In order to solve your problem you would like to generate all compositions of p with exactly b parts. Fortunately, there is a bijection between compositions of p with b parts and subsets of set with p-1 elements of cardinality b-1.
I’ll sketch a proof of that. Consider a list of p 1’s. There are p-1 gaps in between them. If I place b-1 commas in those gaps and p-b+1 pluses, then after performing the addition what remains is a composition of p into b parts. Finally it is well known p-1 choose b-1 is the number of cardinality b-1 subsets of a set with p-1 elements.
E.g. Consider a 2 element subsets of {1,2,3,4} say {1,3}. Place commas in the first and third gap in a list of 5 1’s and pluses elsewhere to get a 3 part composition of 5.
{1,3} -> 1,1+1,1+1 -> (1,2,2)
OK, so now if we can generate all the subsets of a set with p-1 elements that have cardinality b-1 we generate all the compositions we need. But this is super easy to do with b-1 nested For loops.
E.g. For[(i,1,3), (j,i+1,4), {i,j}] yields (in no particular programming language):
{1,2}
{1,3}
{1,4}
{2,3}
{2,4}
{3,4}
Which are all the 2-subsets of {1,2,3,4}
These can be converted into the 3 part compositions of 5 using the following trick:
{a,b} -> (a,b,5) - (0,a,b) = (a, b-a, 5-b) (This extends naturally to larger sets in the obvious way)
e.g
{1,3} -> (1,3,5)-(0,1,3) = (1,2,2) as above.
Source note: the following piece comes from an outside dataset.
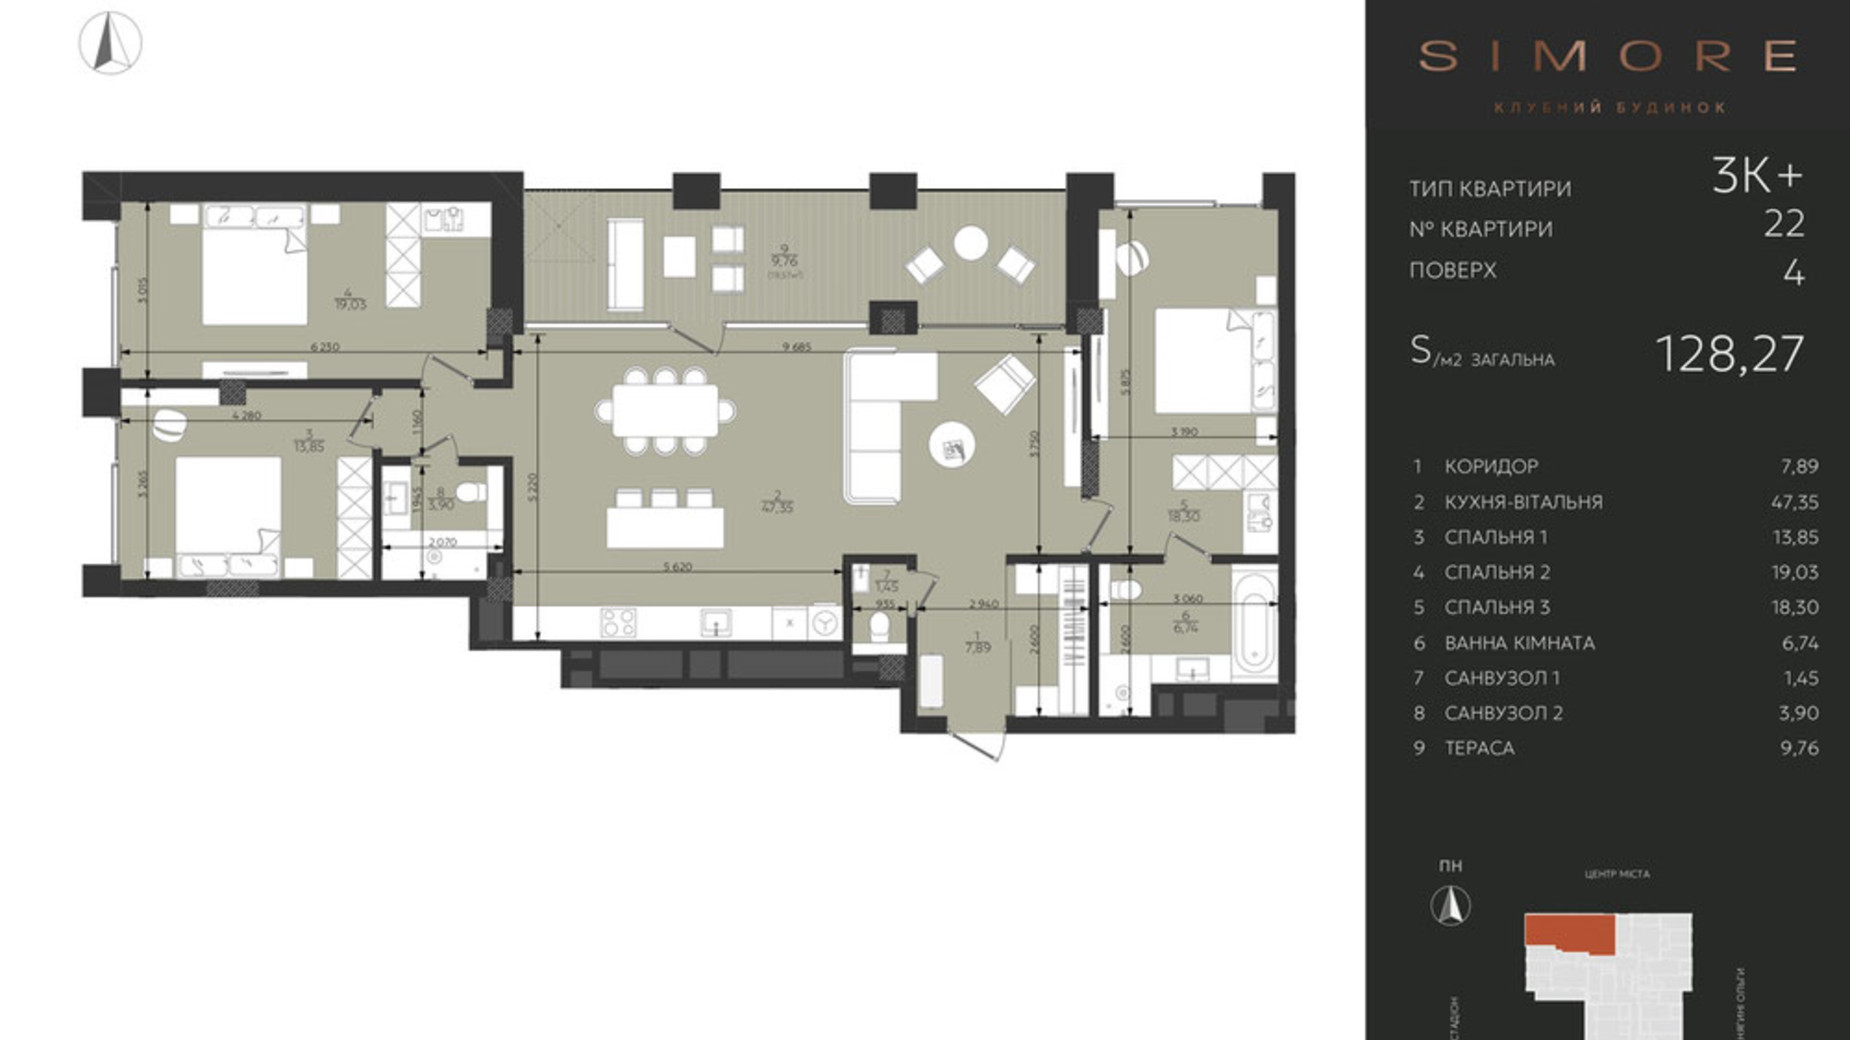 Планування 3-кімнатної квартири в Клубний будинок Simore 128.27 м², фото 694203

OK, now suppose we have 6 red balls, 5 blue balls and 3 yellow balls, we will pick 5 of them at random, and wish to know the probability of having one of each color.
Our 2-subsets of {1,2,3,4} are converted to these 3 part compositions of 5:
Now each composition corresponds to the hypergeometric probability of choosing that composition.
e.g. (1,3,1) -> (6,1)(5,3)(3,1)/(14,5)
I’m using (a,b) here to mean the a choose b. The number on the left of each pair is the number of balls of that color and the number on the right is the corresponding number from the composition. The denominator is self explanatory.
Add all those bad boys together and you get your answer which for this example will be 15/22.
I could go into more detail but this post is too long already and I feel like there is enough info here that you should be able to extend it your problem or any similar problem without too much trouble. Of course, I’ll probably be around if you have any questions.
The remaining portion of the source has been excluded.